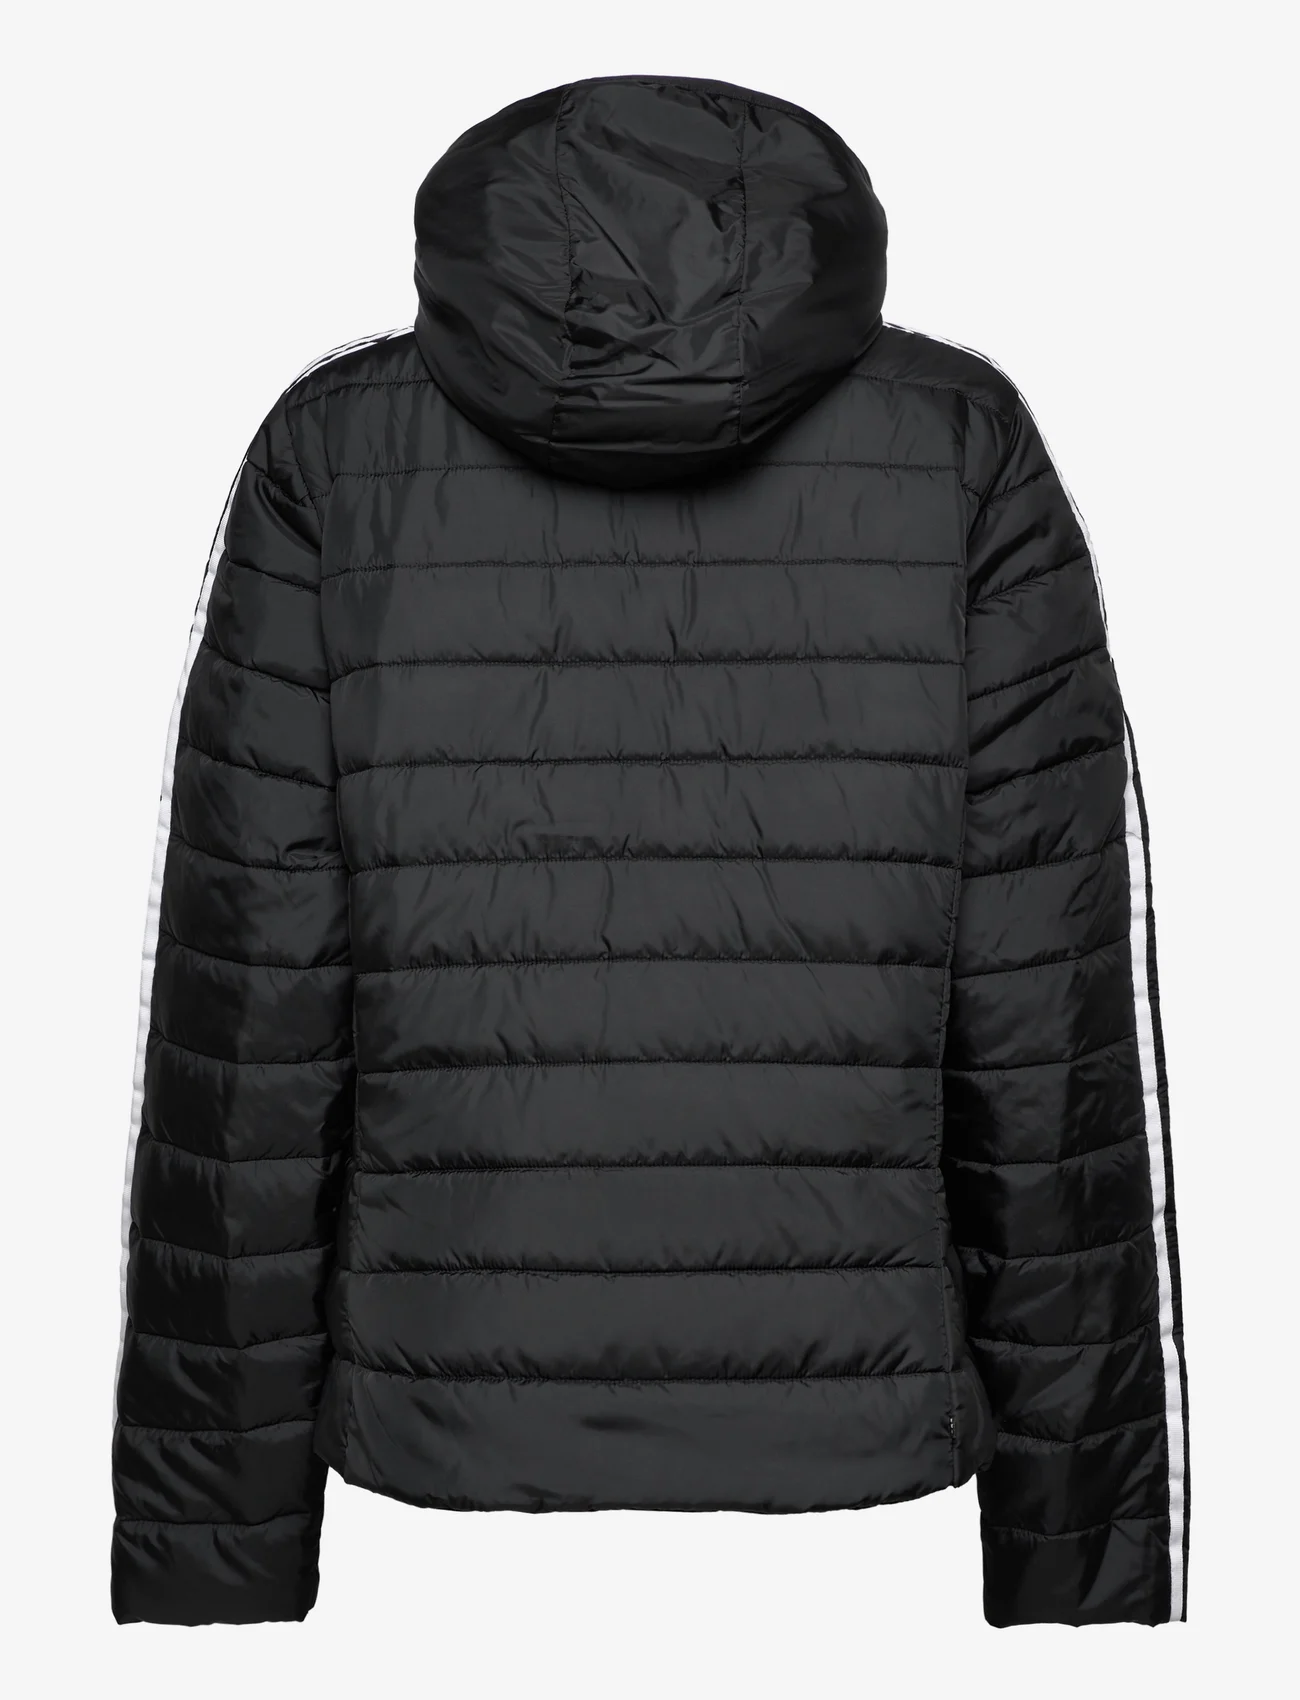 adidas Originals - Hooded Premium Slim Jacket (Plus Size) - winterjacken - black - 1
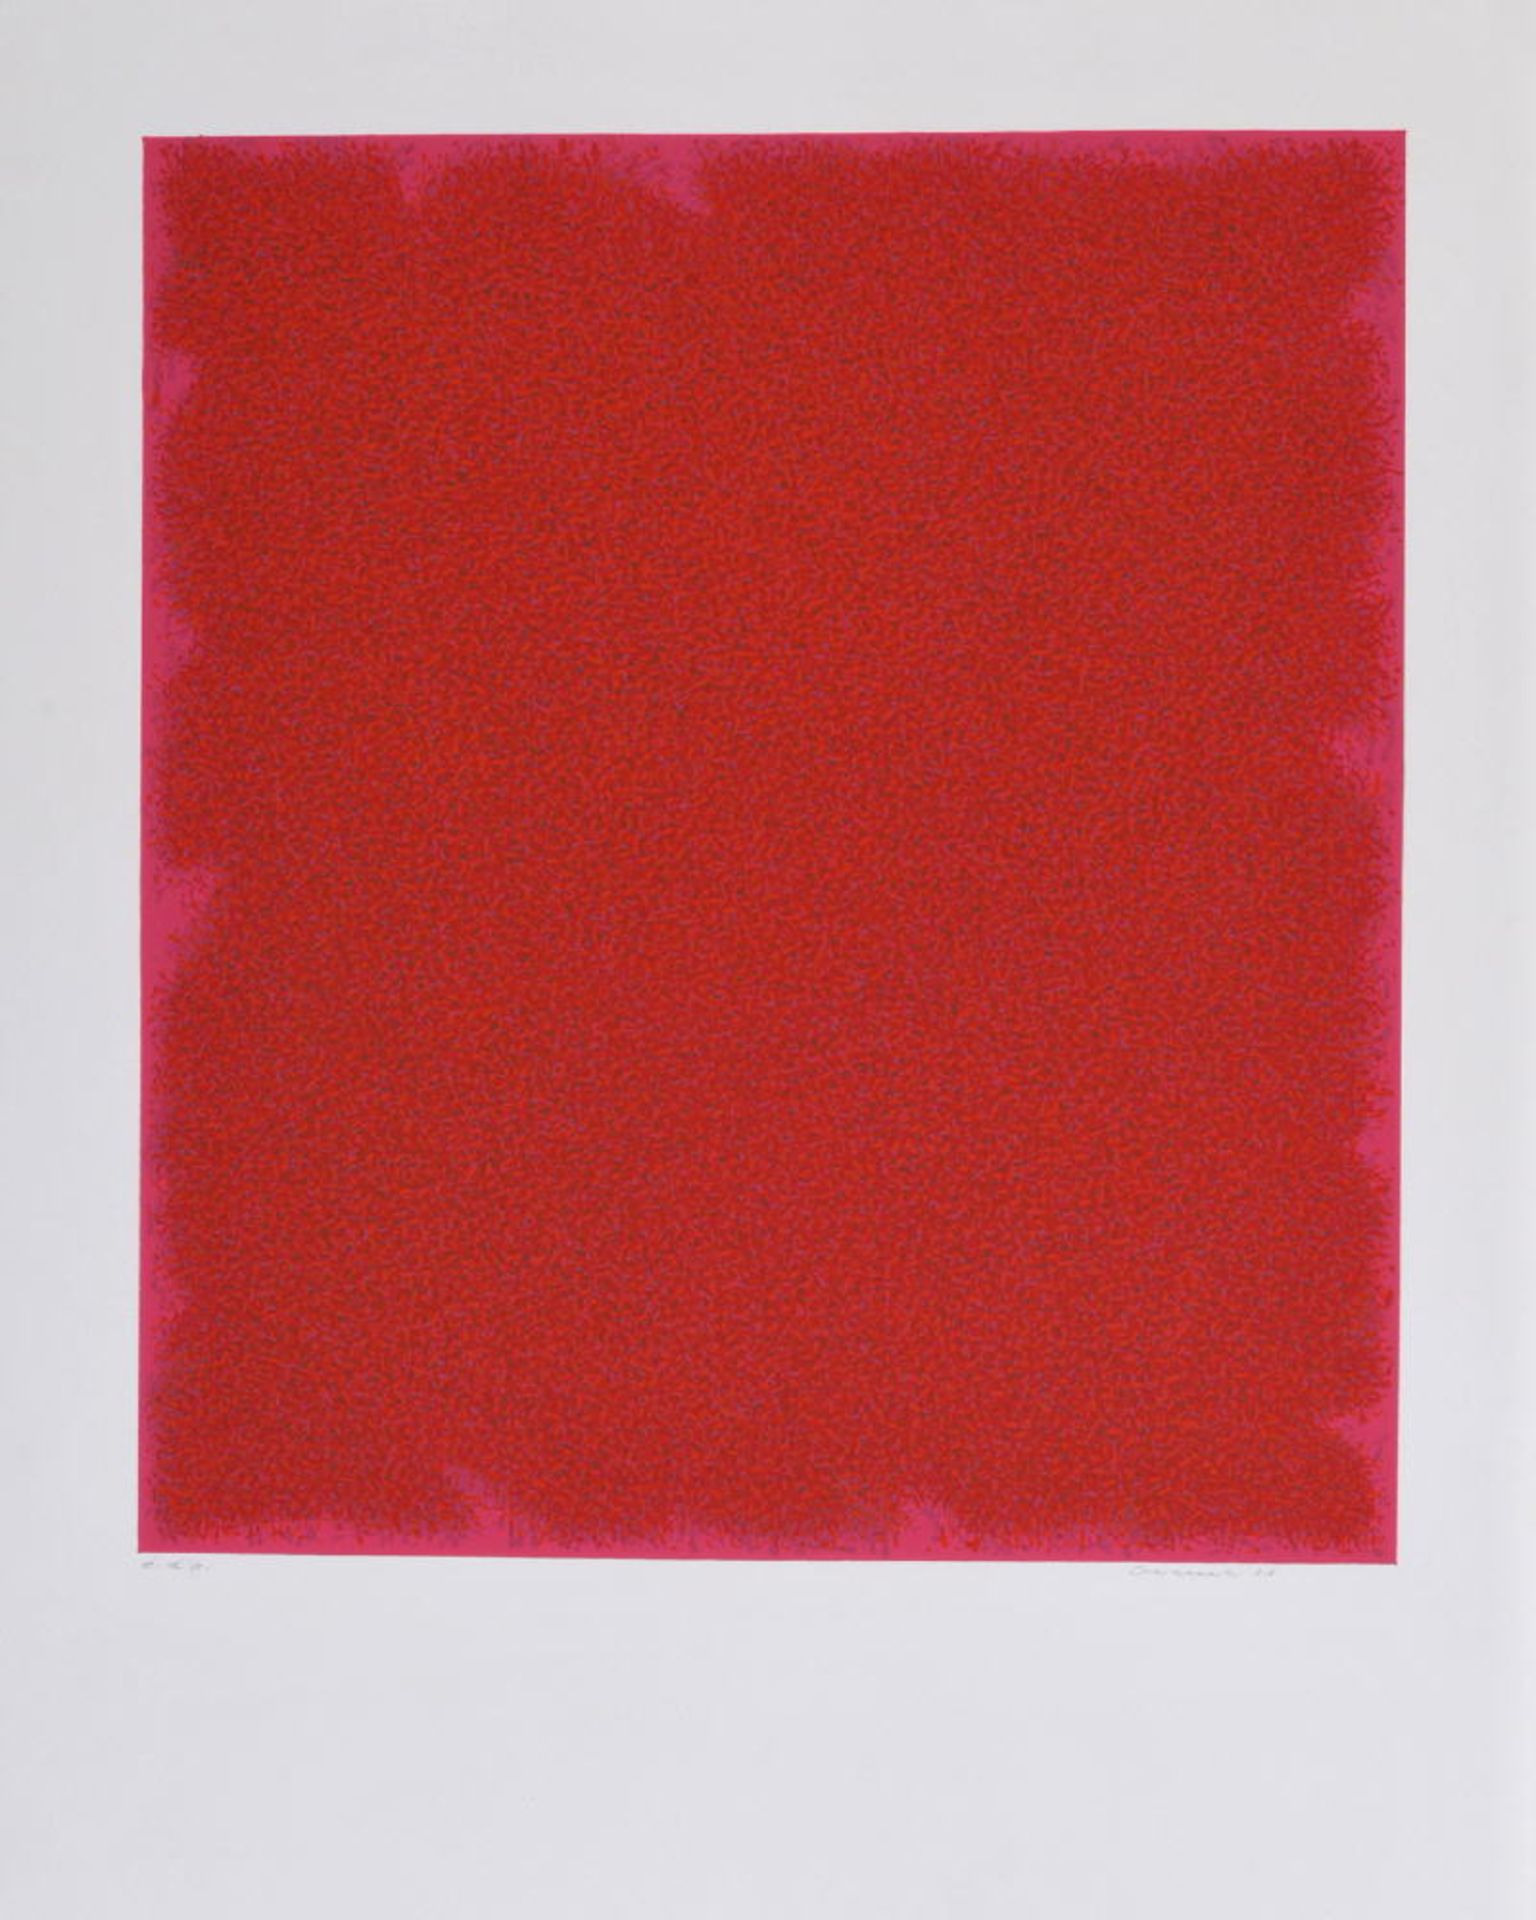 Berner, Bernd, 1930 Hamburg - 2002Farblithographie, 40 x 45 cm, " Komposition in Rot ", handsign.,
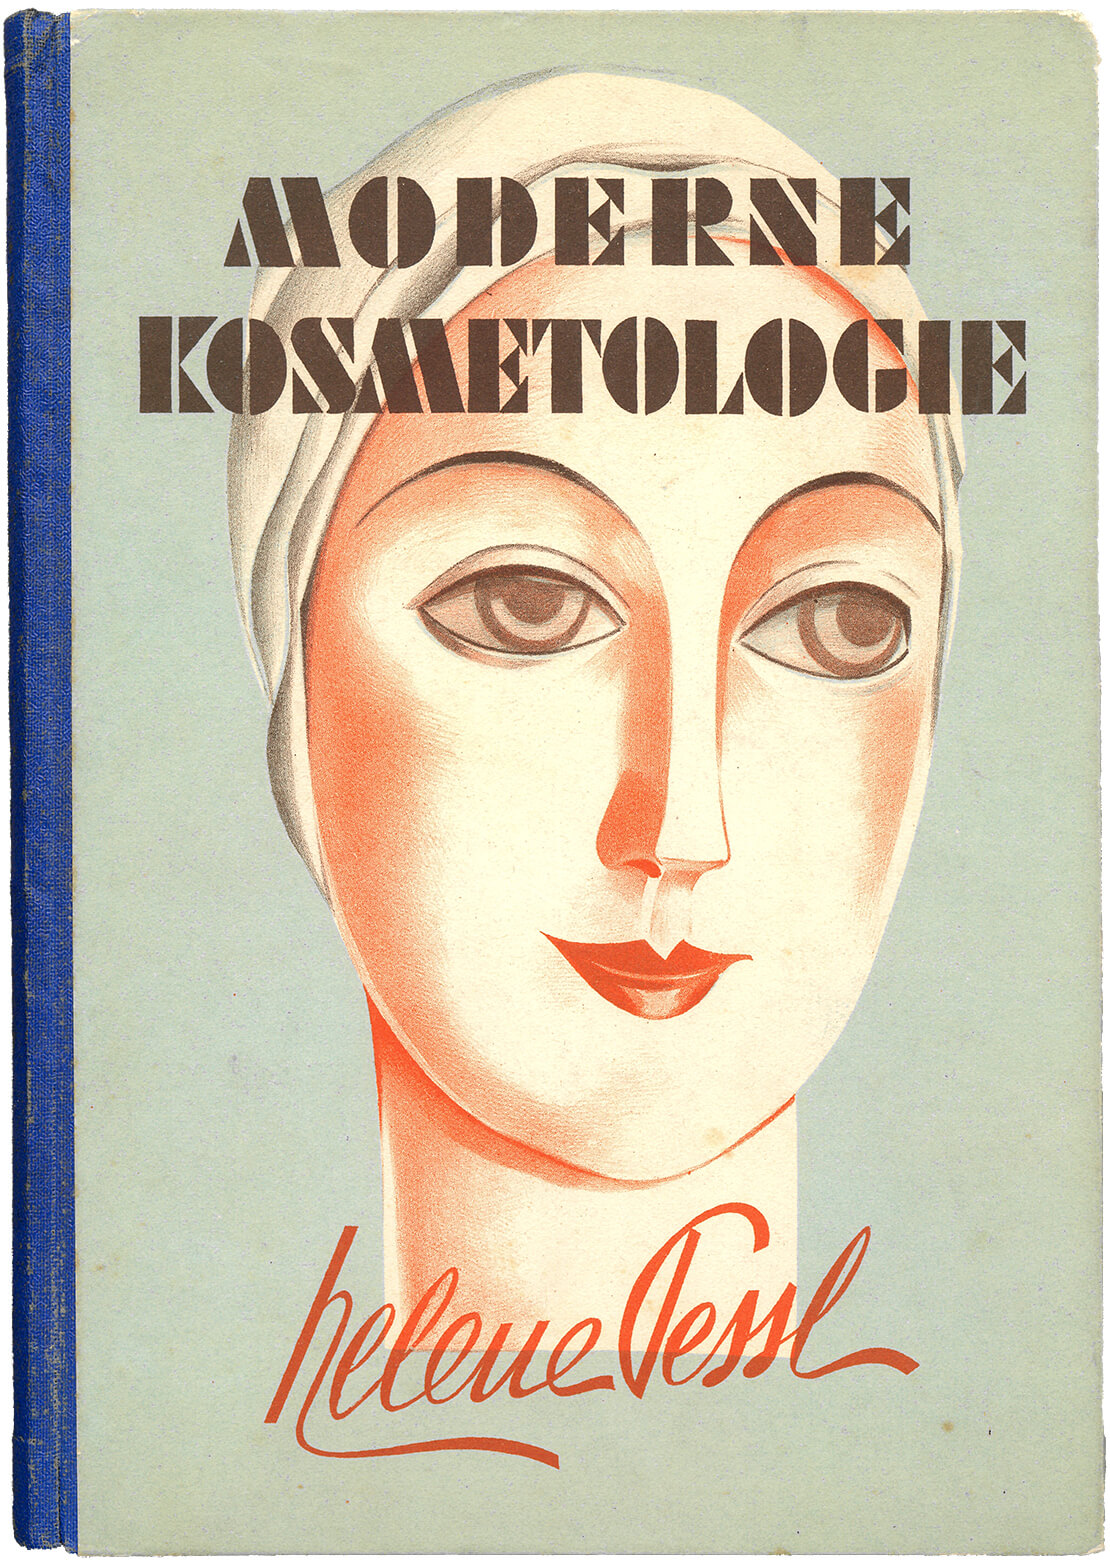 Buch: Helene Pessl: Moderne Kosmetologie, Wien u.a. 1935 (Privatbesitz Susanne Breuss)

▶ TASK STATEMENT
The answer should match the material exactly, with every picture removed.

▶ SOLVED PROBLEM
 adidas Originals - Hooded Premium Slim Jacket (Plus Size) - winterjacken - black - 1
 Berner, Bernd, 1930 Hamburg - 2002Farblithographie, 40 x 45 cm, " Komposition in Rot ", handsign.,
 Buch: Helene Pessl: Moderne Kosmetologie, Wien u.a. 1935 (Privatbesitz Susanne Breuss)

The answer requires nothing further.